> _Exercise instructions_
Copy out precisely the lines of the material that follows, beginning with the line containing "Tumpa has organised" and ending with its last line; exclude pictures.

> _Data_

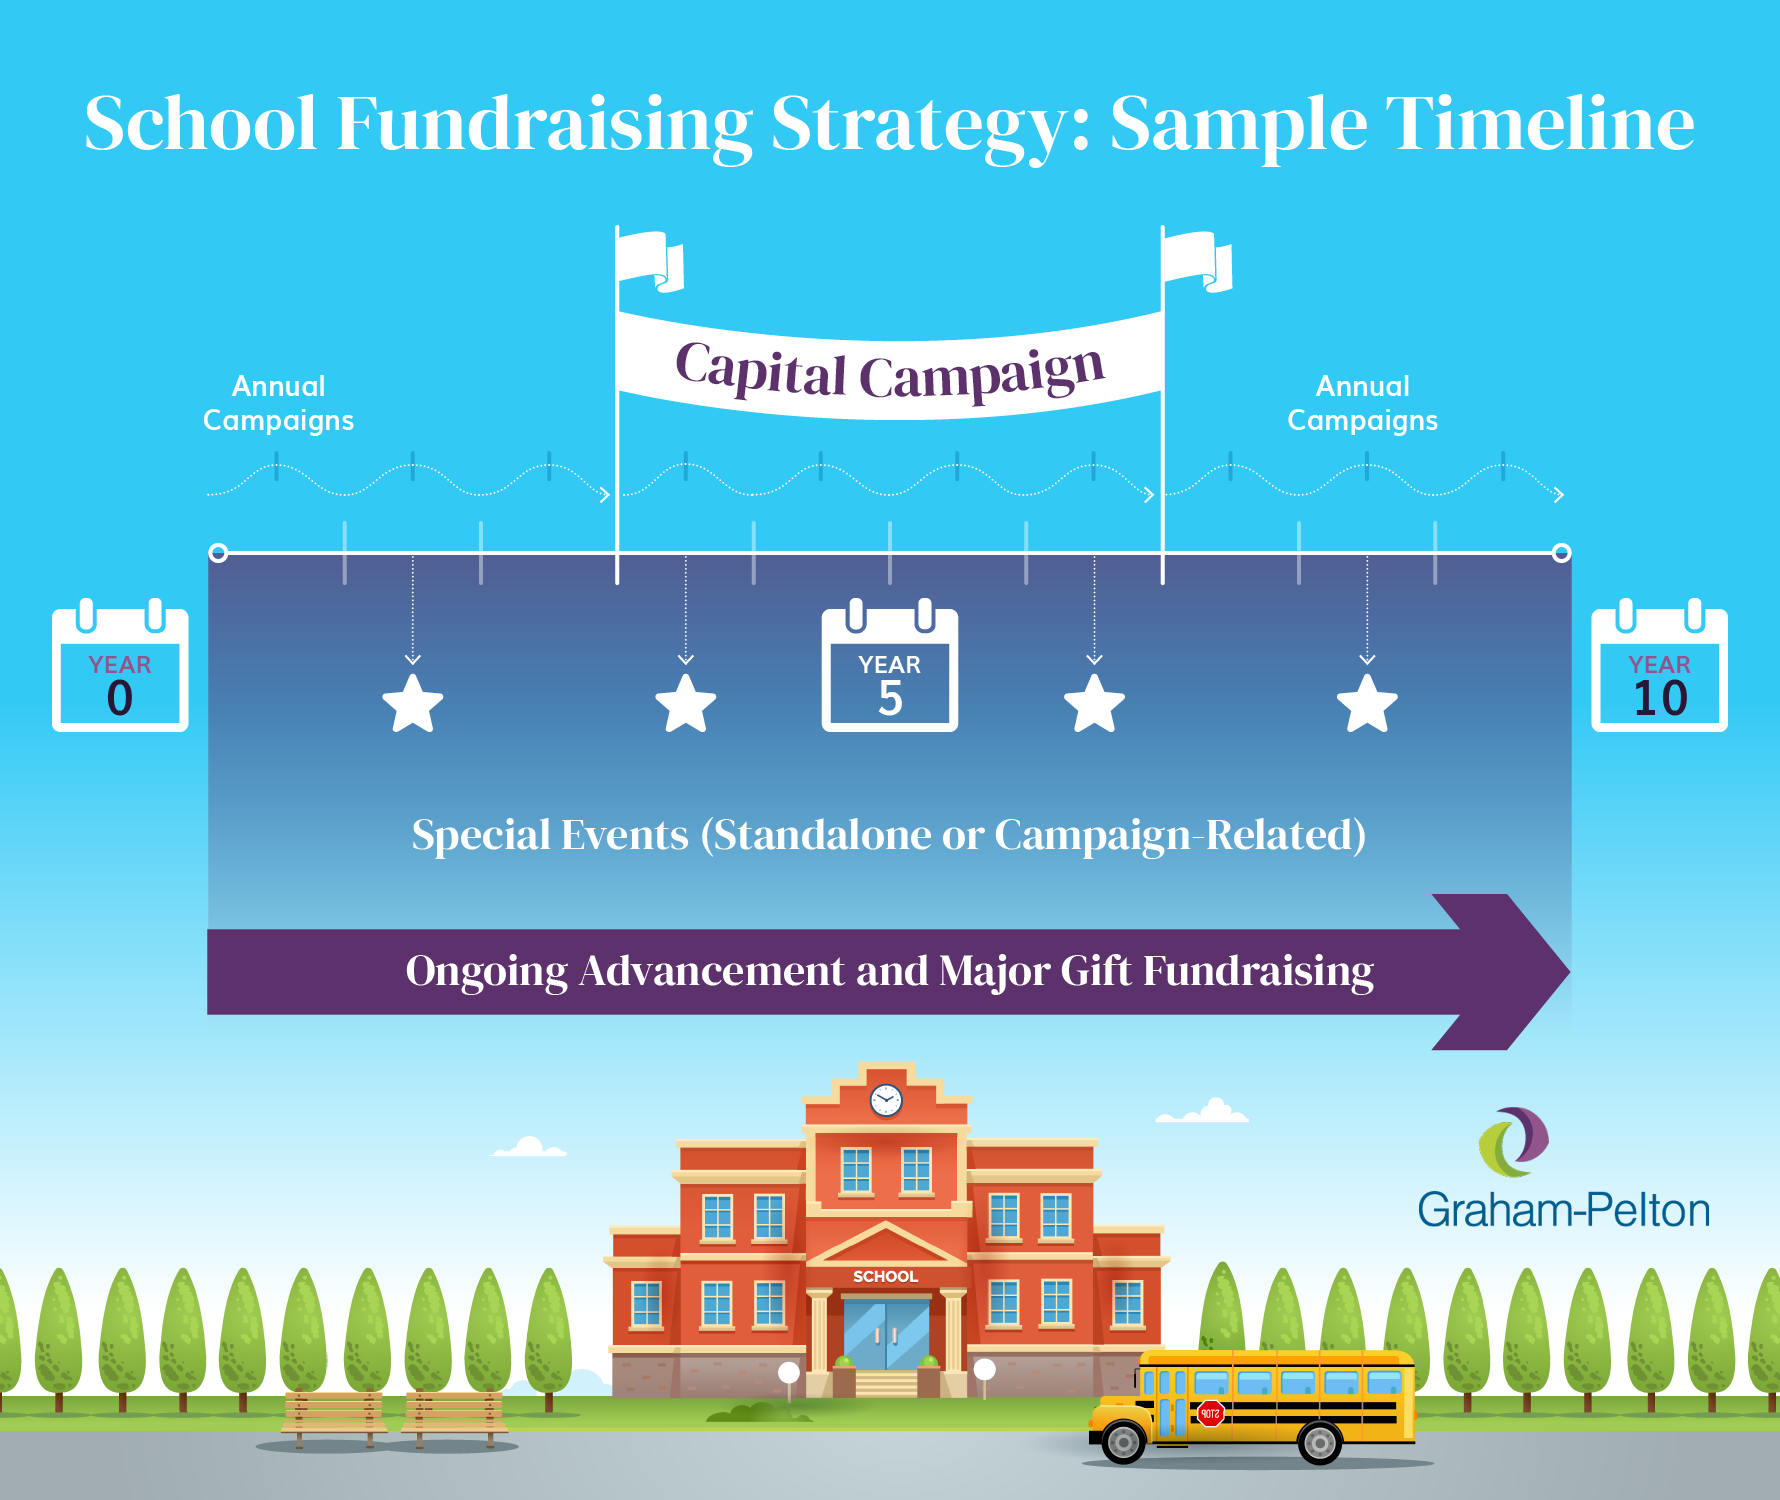 A sample timeline of a private school fundraising strategy, showing overlapping campaigns and events over time, explained in the text below.
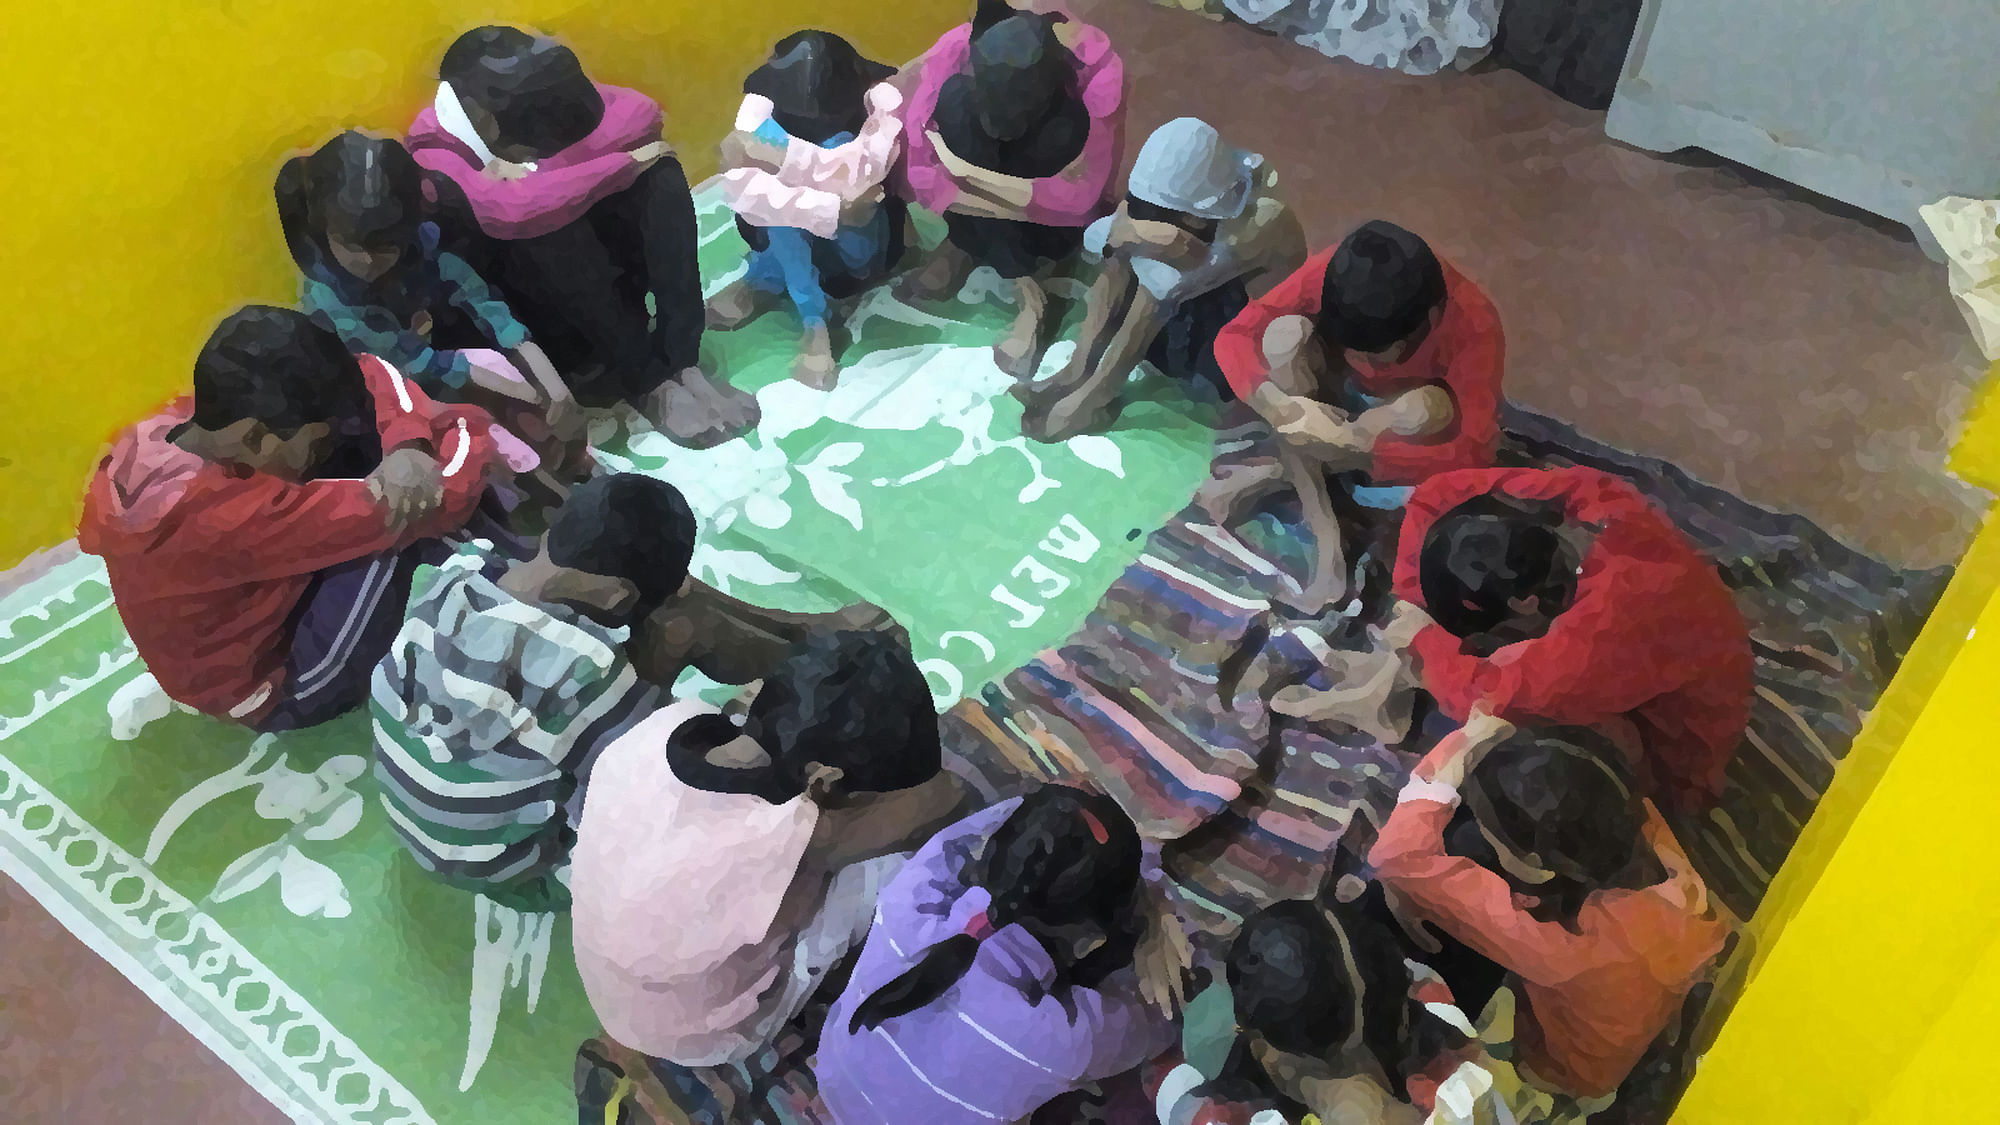 Tumpa has organised a shelter where children of sex workers huddle together and share stories of woe. (Photo Courtesy: Tumpa Adhikary; Image altered by <b>The Quint</b>)
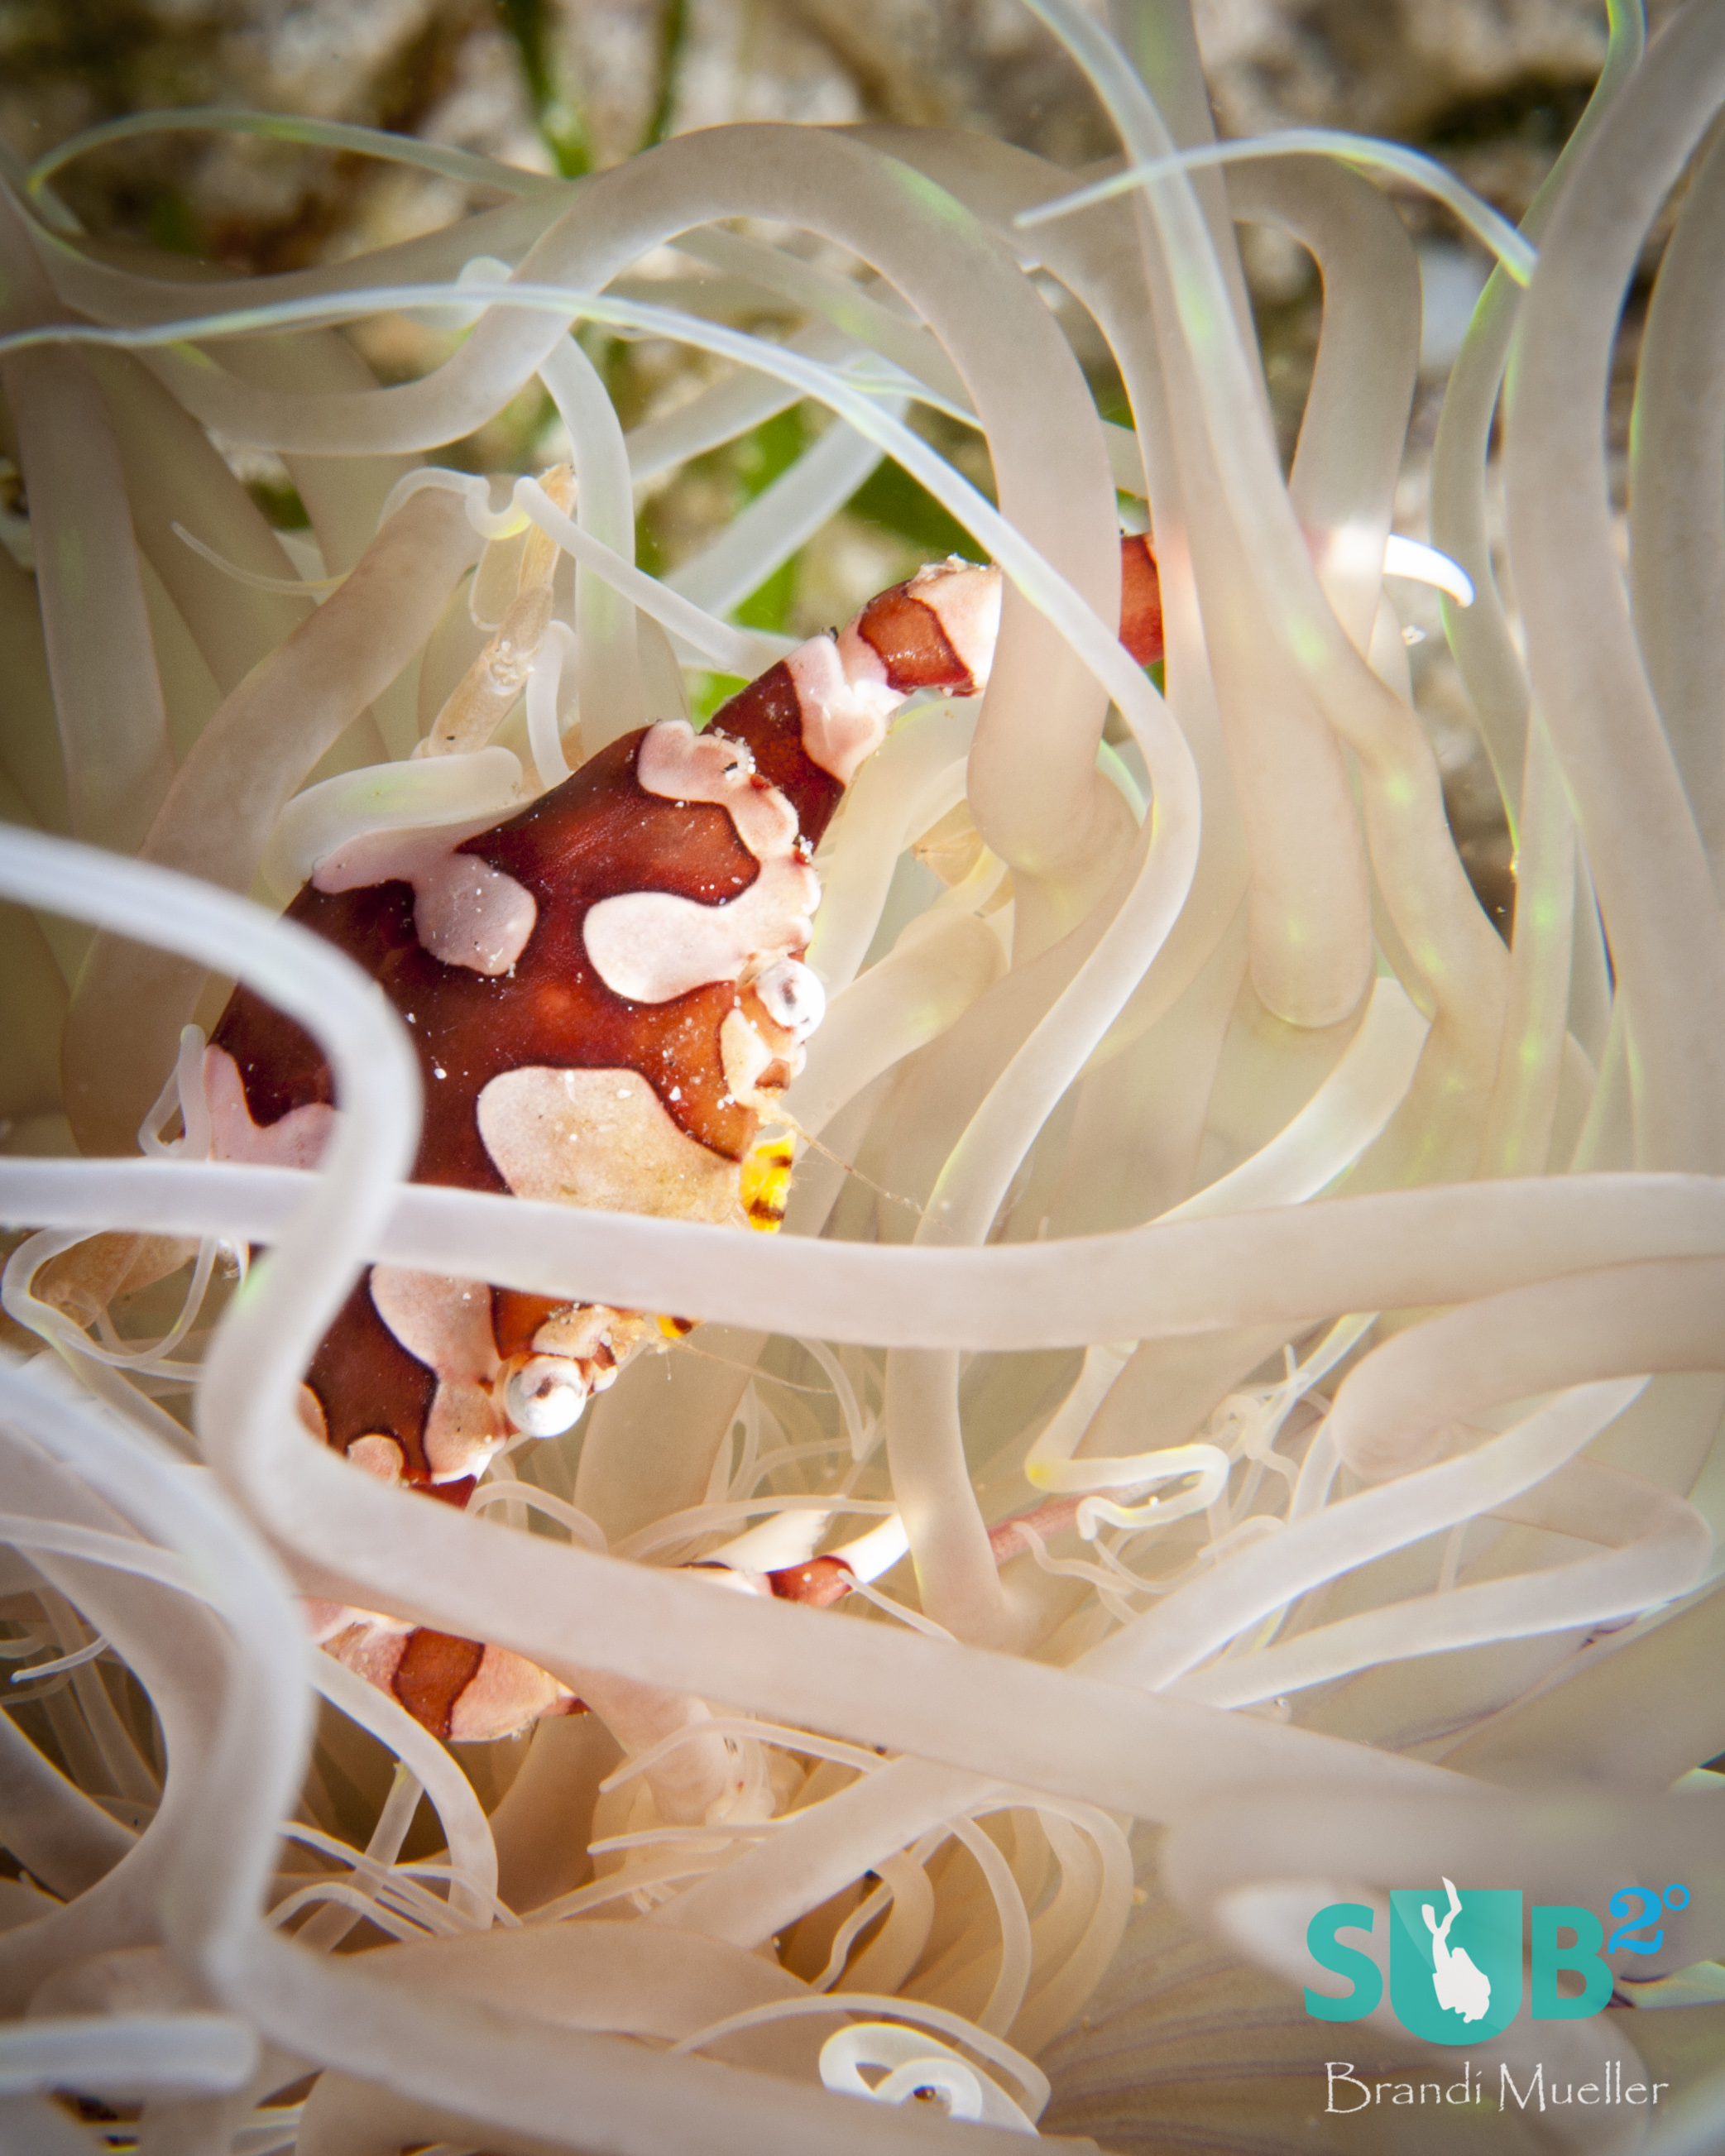 A harlequin crab (Issocarcinus laevis) hiding in a tube anemone.

> _Completed exercise_
 Tumpa has organised a shelter where children of sex workers huddle together and share stories of woe. (Photo Courtesy: Tumpa Adhikary; Image altered by <b>The Quint</b>)
 A harlequin crab (Issocarcinus laevis) hiding in a tube anemone.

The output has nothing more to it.